Bölge idare mahkemesi kararları arasındaki aykırılığın giderilmesi istemiyle ilgili kararlara konu olaylarda, Türkiye Elektrik İletim Anonim Şirketi tarafından alınan ihale kararlarından doğan damga vergilerinin davacılar tarafından ihale makamına ödenmesinin ardından, ihaleyi yapan ve ihale kararını imzalayan Türkiye Elektrik İletim Anonim Şirketinin resmi daire niteliğini haiz olmadığından bahisle söz konusu vergilerin iadesi istemiyle düzeltme ve şikayet başvurulan yapılmış ve bu başvuruların reddine dair işlemlerin iptali ile haksız olarak tahsil edildiği iddia edilen damga vergilerinin tahsil tarihinden itibaren faiziyle birlikte iadesi istemiyle davalar açılmıştır.

Aykırılığın giderilmesi istemine konu olan husus Türkiye Elektrik İletim Anonim Şirketi tarafından yapılan ihaleler uhdesinde kalan davacılardan ihale kararlarından doğan damga vergilerinin tahsil edilmesinin hukuka aykırı olup olmadığının Vergi Usul Kanunu'nun düzeltme-şikayet hükümleri kapsamında incelenip incelenemeyeceğine ilişkindir.

IV- AYKIRILIĞIN GİDERİLMESİ İSTEMİNE KONU BÖLGE İDARE MAHKEMESİ

KARARLARI:

A- Konya Bölge İdare Mahkemesi 1, Vergi Dava Dairesinin E:2020/1355 sayılı dosyasına konu yargılama süreci:

Dava konusu istemin özeti: Türkiye Elektrik İletim Anonim Şirketi 19. Bölge

Müdürlüğü tarafından ihale edilen iş uhdesinde kalan davacı tarafından, ihale kararından doğan ve ödenen damga vergisinin iadesi istemiyle yapılan başvurunun reddî üzerine tesis edilen şikayet başvurusunun reddine ilişkin işlemin iptali ile ödenen verginin ödendiği tarihten itibaren işleyecek tecil faiziyle birlikte iadesi istemiyle dava açılmıştır.

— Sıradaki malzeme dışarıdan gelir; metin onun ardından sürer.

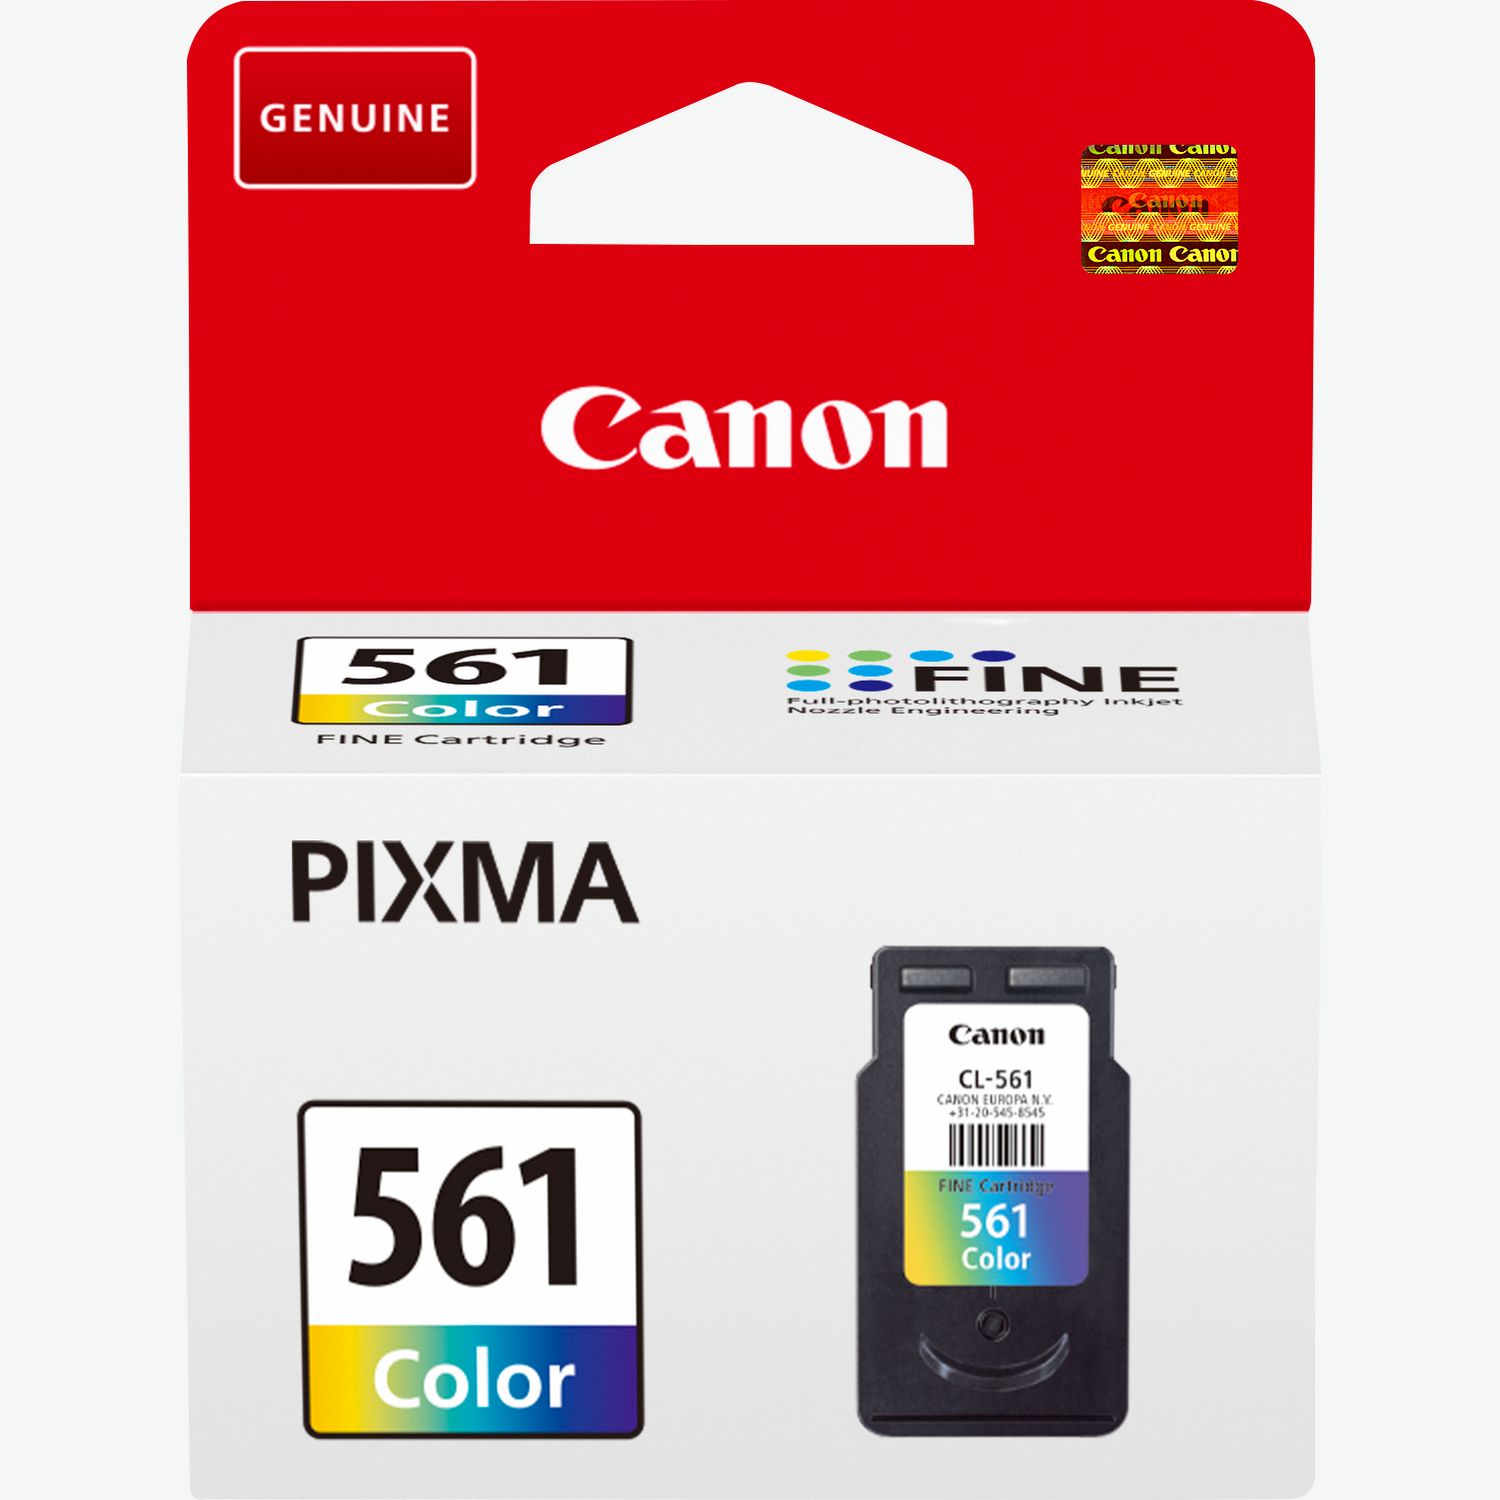 Canon Pixma TS5350 Photo Printer Green Silver

Antalya 1. Vergi Mahkemesinin 12/10/2020 tarih ve E:2020/276, K:2020/1046 sayılı kararı:

Davacı tarafından ihale kararından doğan damga vergisinin İhaleyi yapan ve ihale kararında imzası bulunan Türkiye Elektrik İletim Anonim Şirketi tarafından ödenmesi gerektiğinden bahisle söz konusu verginin tahsilinde vergi hatası bulunduğu iddia edilmektedir.

Uyuşmazlığın çözümü Türkiye Elektrik İletim Anonim Şirketi tarafından alınan ihale kararından doğan damga vergisinin kim tarafından ödeneceği ve dolayısıyla Türkiye Elektrik İletim Anonim Şirketinin resmi daire sıfatını haiz olup olmadığının hukuki değerlendirmesine bağlıdır. Bunun ortaya konulabilmesi ise 2001/2026 sayılı Kararname eki Bakanlar Kurulu kararı ile kurulan Türkiye Elektrik İletim Anonim Şirketinin Ana Sözleşmesi, 233 sayılı Kamu İktisadi Teşebbüsleri Hakkında Kanun Hükmündeki Kararname hükümleri ve 5018 sayılı Kamu Mali Yönetimi ve Kontrol Kanunu hükümleri ile Damga Vergisi Kanunu’nun ilgili hükümlerinin yorumlanmasına bağlı olduğundan uyuşmazlık konusu verginin tahsilinde 213 sayılı Vergi Usul Kanunu'nun aradığı anlamda açık bir vergilendirme hatası bulunmadığı sonucuna varılmaktadır.

488 sayılı Damga Vergisi Kanunu'nun İlgili hükümleri ile Türkiye Elektrik iletim Anonim Şirketinin kuruluşuna dair hükümler ve 5018 sayılı Kanun hükümlerinin yorumu sonunda çözümlenebilecek nitelikte olan uyuşmazlığa ilişkin iddialar, herhangi bir kuşku ya da hukuki tartışmaya meydan bırakmayacak şekilde açık bir vergi hatası kapsamında olmayıp hukuki bir ihtilaf niteliğinde olduğundan dava konusu işlemde hukuka aykırılık bulunmamaktadır.

Mahkeme, bu gerekçeyle davanın reddine karar vermiştir.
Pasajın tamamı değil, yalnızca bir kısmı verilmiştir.